PM Modi launches major labor reform schemes

NEW DELHI (TIP): Stressing that labor reforms hold the key to the success of the ‘Make in India’ campaign, Prime Minister Narendra Modi on October 16 unveiled a new roadmap, including measures to end ‘Inspector Raj’ with a system that is expected to sharply curb the element of discretion with labour inspectors and a single window compliance process for companies on labourrelated issues.

As a step in this direction, all 1,800 labor inspectors will be disallowed from swooping down on companies and instead, a computerised system will randomly send them on inspections, based on data trends and objective criteria. Following inspections, they will have to upload their reports within 72 hours and cannot modify them thereafter. “Let’s start with trust,” said Modi, while inaugurating the Pandit Deen Dayal Upadhyay Shramev Jayete event organised by the Labour Ministry here on Thursday. “Ease of business is the first and foremost requirement if Make In India has to be made successful,” he said.
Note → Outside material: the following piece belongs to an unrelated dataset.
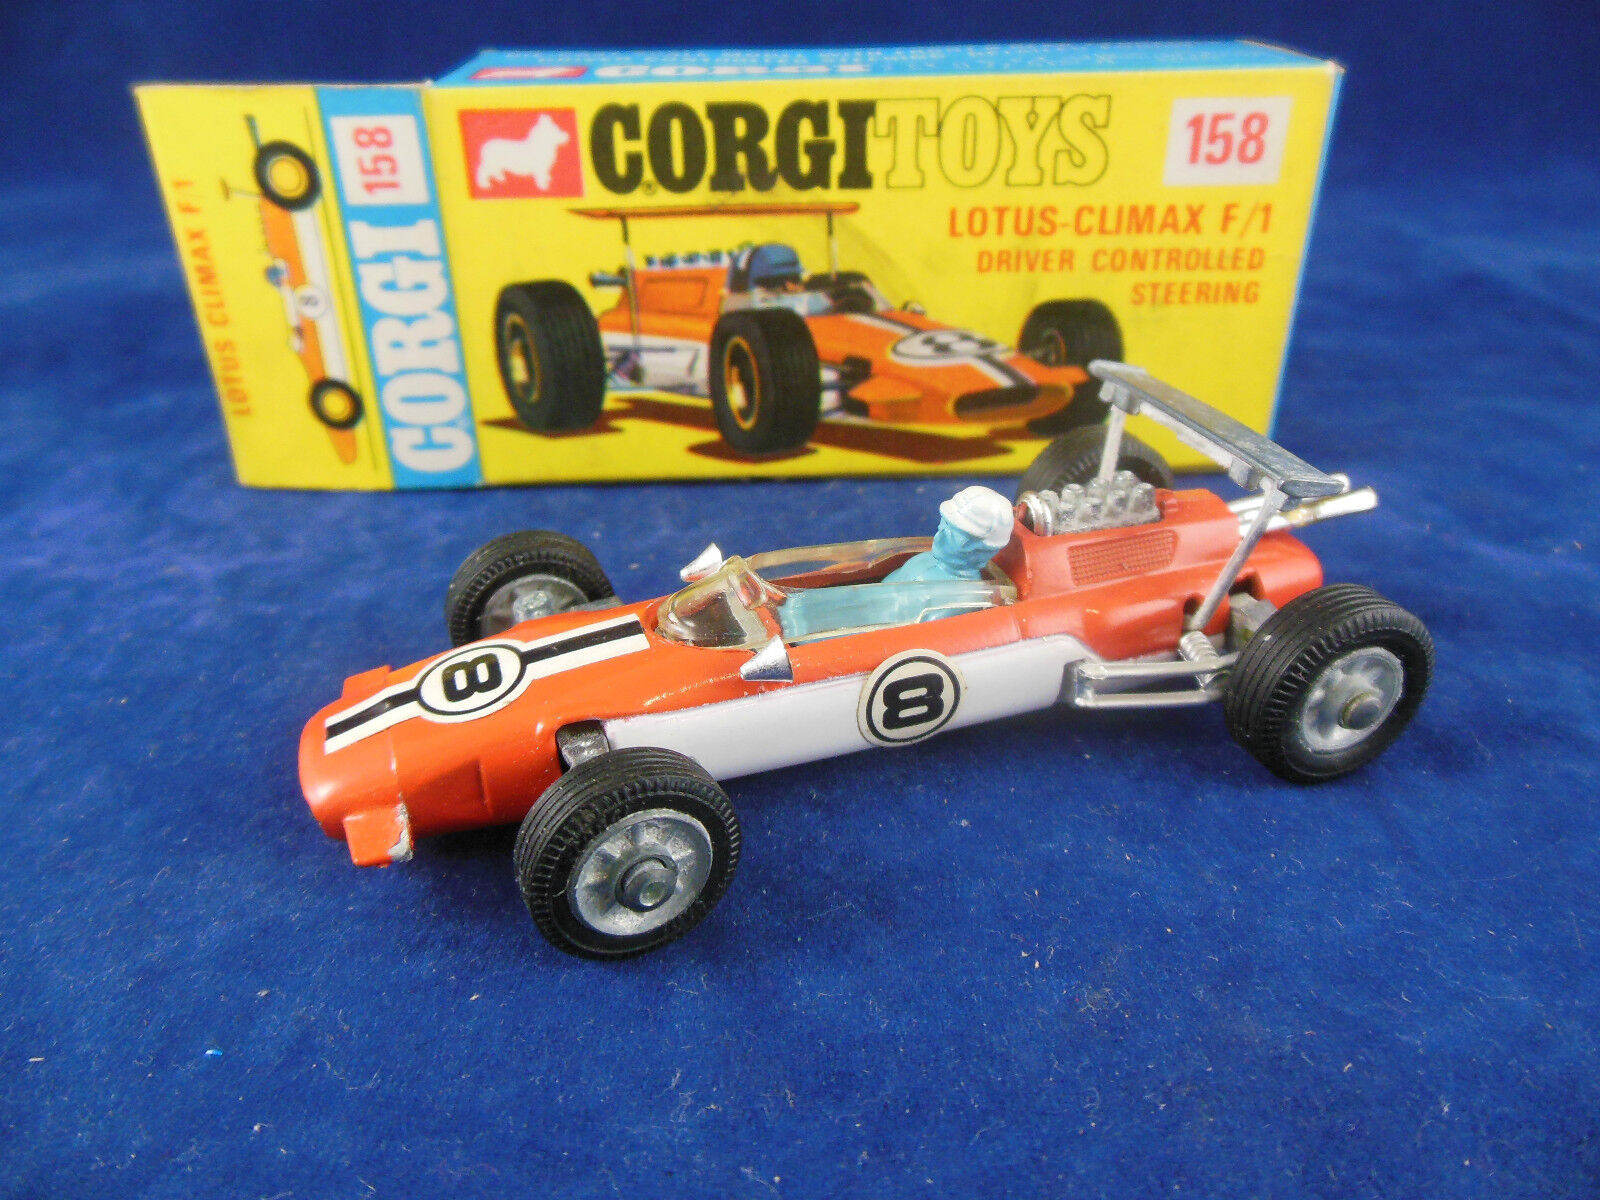 Corgi Toys 158 Lotus Climax controlador F 1 controlado volante cerca de nuevo, sin usar

Central labour inspectors have already been sent text messages on behalf of the Prime Minister to sensitize them to the reforms, and the ministry is hopeful that the annual inspections — currently about 3 lakh — will come down sharply. Modi also unveiled nearly half-a-dozen schemes, including a Shram Suvidha Portal where employers can submit a single compliance report for 16 labour laws, a new web-based labour inspection system, unique account numbers for members of the EPFO, a revamped Rashtriya Swasthya Bima Yojana as well as a new skill development and apprenticeship scheme.

Sharply streamlining the cumbersome compliance process, manufacturers can now register online at the Shram Suvidha portal and file a self-certified single compliance report for 16 Central labour laws. In return, labour inspections by four central agencies — EPFO, Employees’ State Insurance Corporation, Central Labour Commissioner and Director General of Mines’ Safety — will be based on a computerised list of units that are picked up from this database. Noting that it is the government’s responsibility to simplify trade, he said the new schemes put the onus of compliance with the citizens who are expected to self certify their reports and also curb the arbitrariness of labour inspections.

“These facilities are what I call minimum government, maximum governance,” he said. Asserting that Shramev Jayate is essential to boost economic development, Modi said it is important to bring back dignity of labour and respect those who choose to undertake vocational training or work as apprentices. “In our country, only white collar jobs are considered good… We have to change our perceptions and give respect to labour,” he stressed, adding that the revamped apprenticeship scheme and Industrial Training Institutes have a total of 34 lakh seats for students.

These initiatives, he said, would also pave the way for skilling of youth, and even create an opportunity for India to meet the global requirement of skilled labour workforce in the years ahead. To showcase the success of skilling programmes, the Prime Minister and the Labour Ministry also felicitated former students from these institutes. Significantly, in a bid to clarify the NDA’s labour-friendly image, the Prime Minister also said that labour issues must be looked at from the perspective of the labour, not industrialists.

“Such a compassionate approach would result in the shram yogi (labourer) becoming a rashtra yogi and a rashtra nirmaata (nation-builder),” he said. His comments are significant given that the NDA government has received flak from trade unions for its recent reform measures including amendments to the Factories Act and the Apprentices’ Act. However, trade unions remained skeptical of the government’s stance.

“The announcement of the new schemes is most welcome but we have to wait and watch for the actual implementation,” said B N Rai, president, Bharatiya Mazdoor Sangh. The Left parties were more critical. “It is only cheating of workers as, while the government is launching these schemes, simultaneously it is changing the labour laws to push out the labor from their purview “ said Tapan Sen, Rajya Sabha member and general secretary, CITU, adding that there is nothing new about efforts such as the UAN that have been going one for the last six years.